Some of the pre-Christian traditions were so popular that distant versions of them still survive in All Hallows Eve, the evening vigil for All Saints’ Day —  the Catholic Church’s rebranding of the Celtic festival of Samhain — which we now call “Halloween”.  Deriving the age and original forms of many of our traditions of Halloween is possible and fascinating.

The most common example is the many ways in which fire is incorporated into Halloween.  By Tudor times, most priests and bishops forbade lighting the traditional bonfire on the highest hill.  Some saw it as a harmless enough pursuit, so long as it didn’t involve actual belief in the pagan gods, and bonfires could be seen in various places as late as the early 19th century.

Where it was forbidden, the reason for the cleaning of the family hearth on the Eve of Samhain having  been mostly forgotten the practice was not challenged.  Where something must be found to replace the prophecies that once came from tending the bonfire, such traditions as carrying a candle around the hill beside Malkin Tower — the rendezvous of the Witches of Lancashire — went unchallenged by the parish priest.

Of course, the old ways peeped out from between the lines of literature.  In Shakespeare’s The Two Gentlemen of Verona, it makes for just one more image the modern audience generally glosses over.

Valentine.            Why, how know you that I am in love?
Speed.   Marry, by these special marks: first, you have
learned… to speak puling, like a beggar at Hallowmas.




[1] Centuries later still, the cultus would come to mean the worshippers and their rituals rather than the place of worship.
[2] Caesar. The Gallic War (Loeb, 1919) Trans.
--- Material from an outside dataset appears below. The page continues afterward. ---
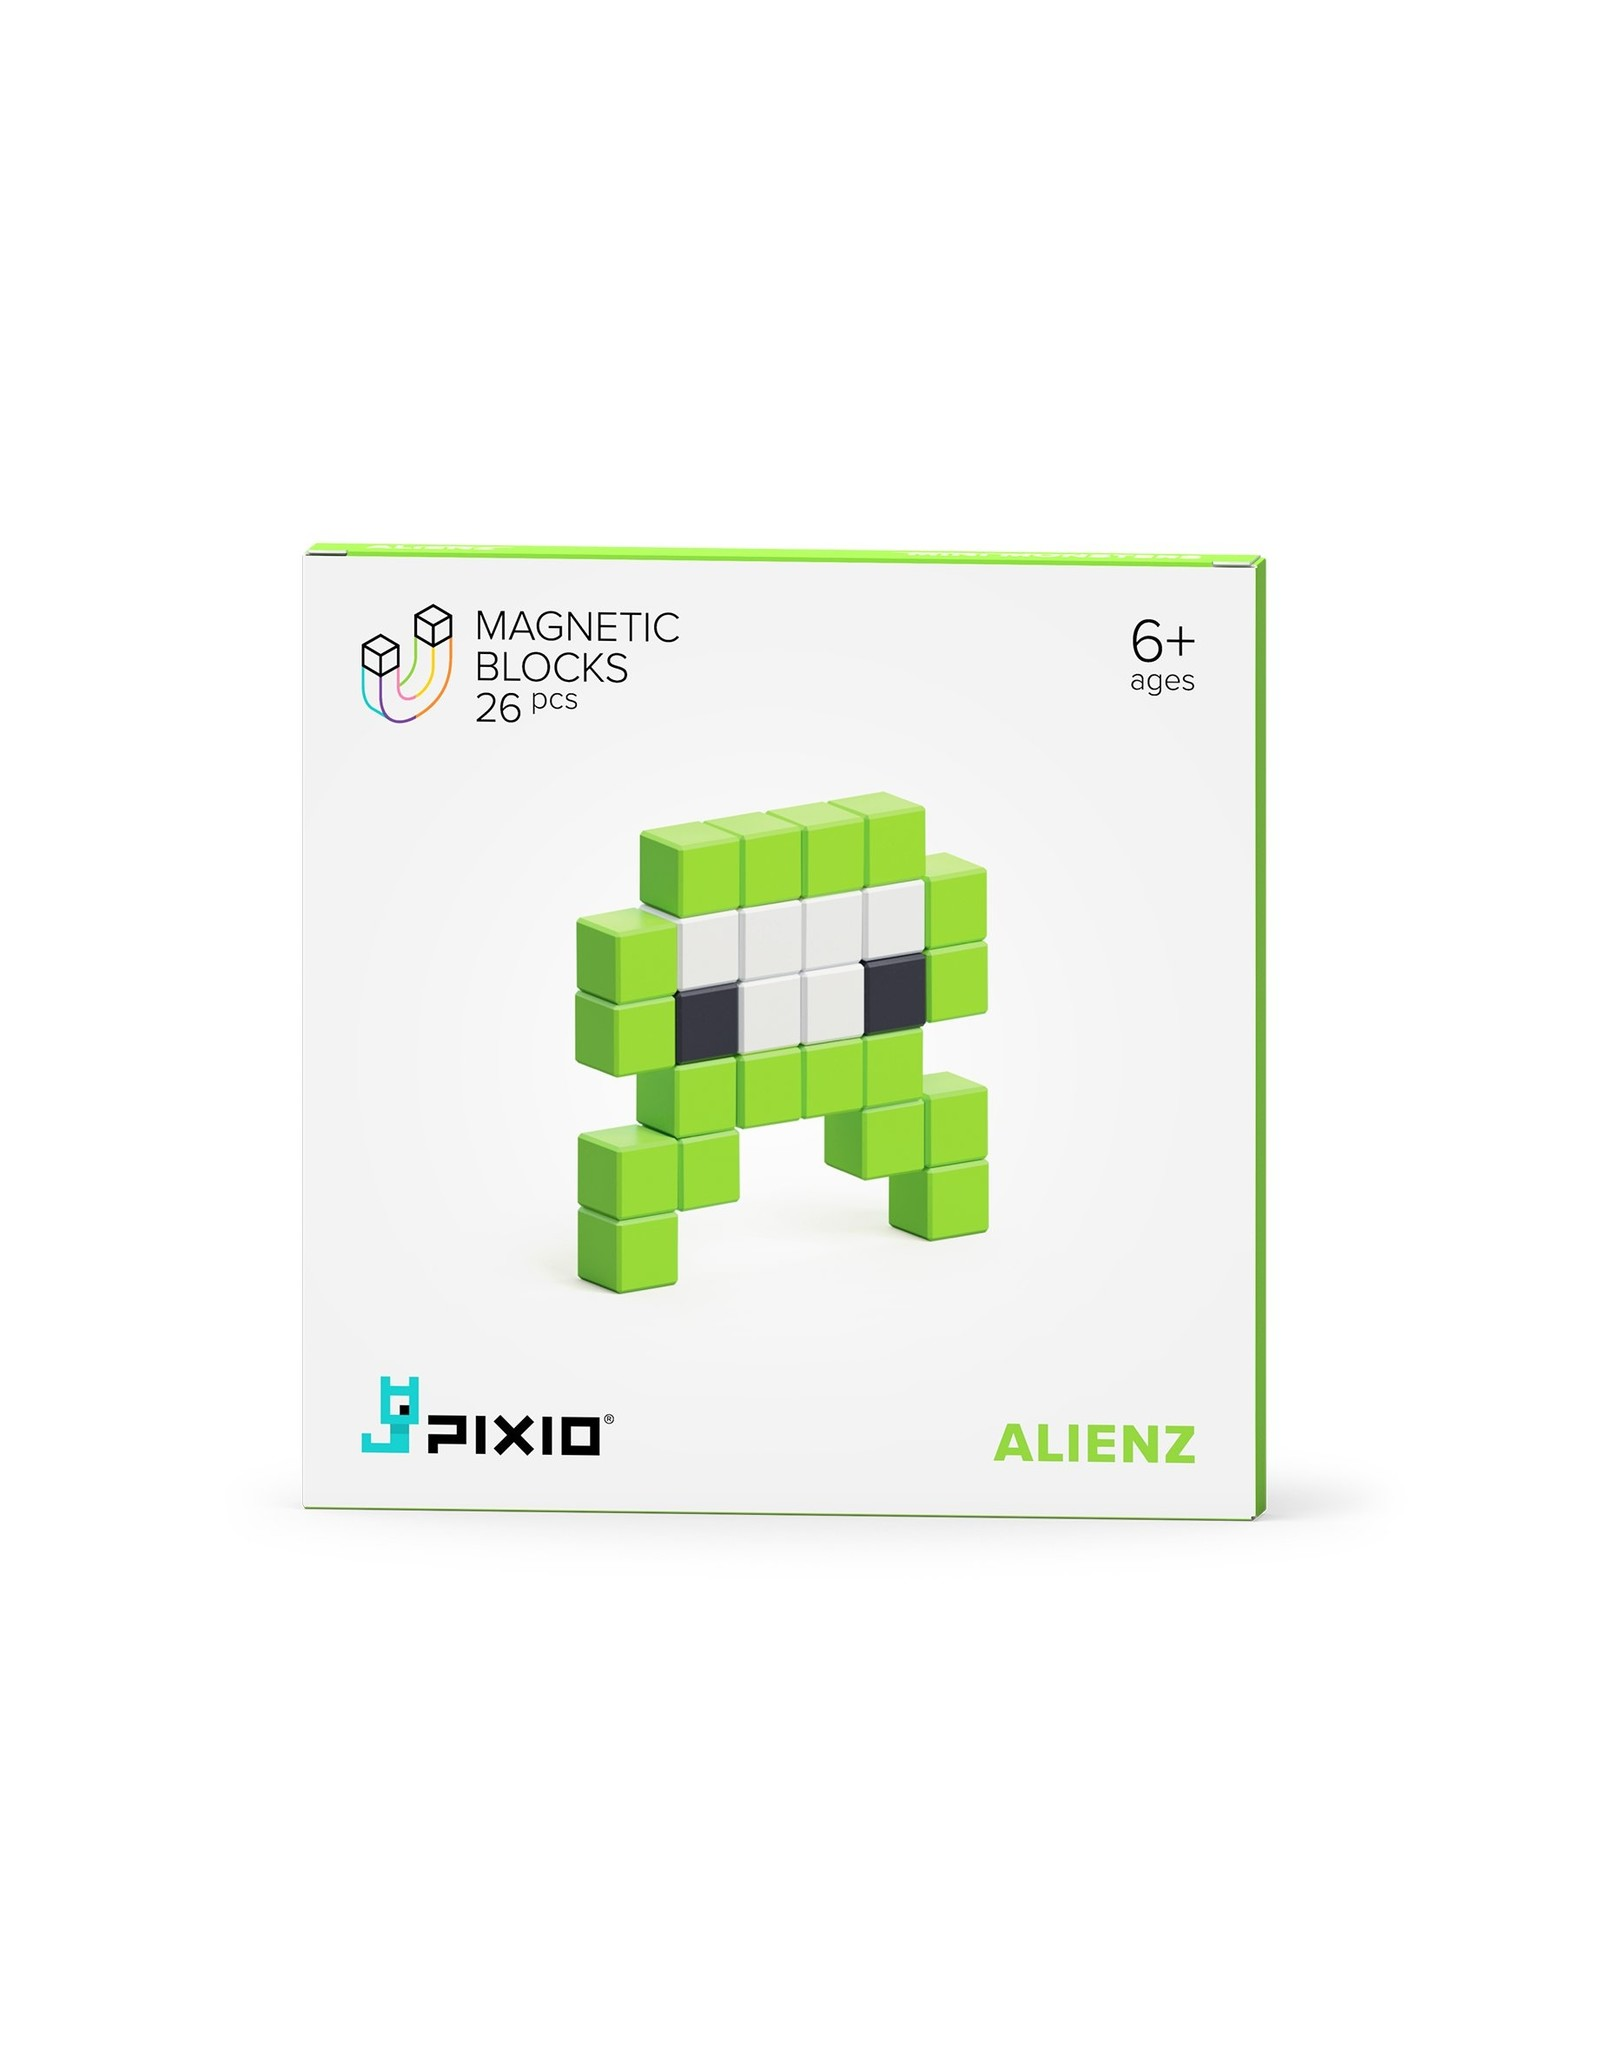 Pixio Mini Monsterz Magnetic Building Blocks
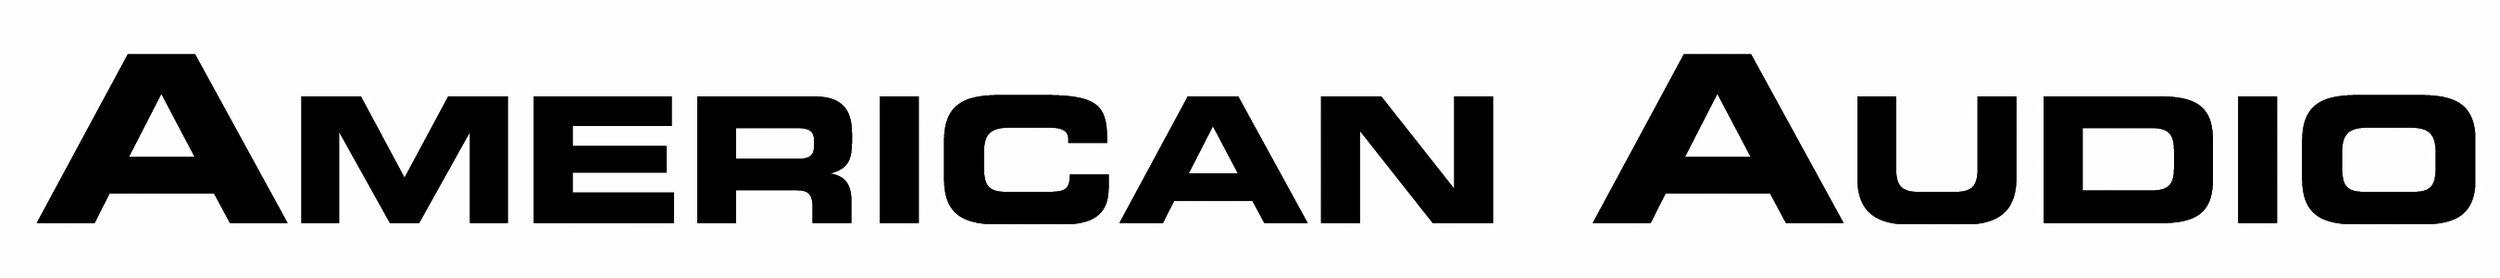 american-audio-logo.jpg

H. J. Edwards.  341.  “De his eandem fere, quam reliquae gentes, habent opinionem…”
[3] The translator is being euphemistic here.  Lucan’s original reads “putrique” indicating not the vague phrase “hoary filth” but rather “rotting flesh”.
[4] Ritson, Joseph. Memoirs of the Celts or Gauls (1827). 92.  Citing Lucan's Pharsalia. Translated Into English Verse. By Nicholas Rowe. (1720). I.121.